Cuando niña era una regordeta morena que sólo llamaba la atención por sus filosas preguntas.
A los quince años comenzó a florecer. Su continente lo fue moldeando la mano de una erótica hada que puso cumbres y valles en su perfecta geografía, para hacerla cuna de placeres, angustias y delirios, delicia de enloquecidos admiradores que con su mente enfebrecida levantaban su minúscula falda para sondear en los espasmos del placer, aquellos muslos virginales.

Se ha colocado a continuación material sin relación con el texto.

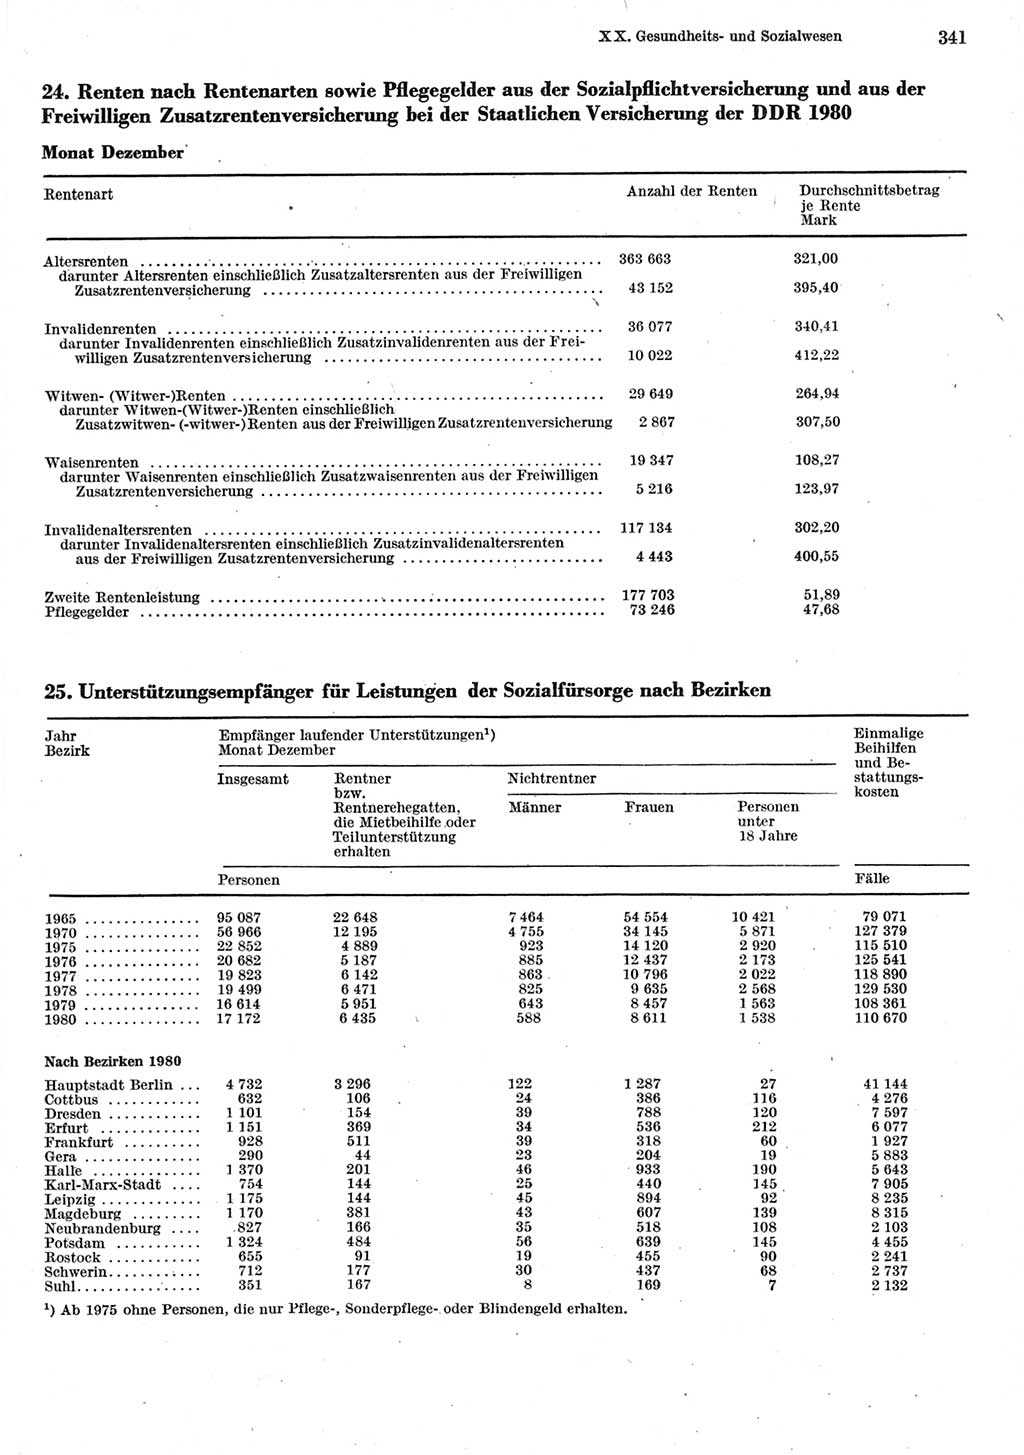 Statistisches Jahrbuch der Deutschen Demokratischen Republik (DDR) 1981, Seite 341 (Stat. Jb. DDR 1981, S. 341)

A los veinte la descubrió un empresario de afilados dientes. Le prometió las estrellas y todas las nebulosas adyacentes y a media luz y a galope tendido, las alcanzaron ambos y luego viajaron por el cosmos con el deseo propulsando nuevas y excitantes expediciones.
A los veintidós, se presentó en un concurso de belleza y entonces supo que la envidia, la vacuidad y las malas artes forman parte de ese currículo no escrito que los representantes manipulan para enriquecerse a costa de pasajeras ilusiones. La corona recayó en una competidora que la miraba de reojo, no convencida del todo de su cetro pero dispuesta a transar milímetro a milímetro lo poco de dignidad que le quedaba.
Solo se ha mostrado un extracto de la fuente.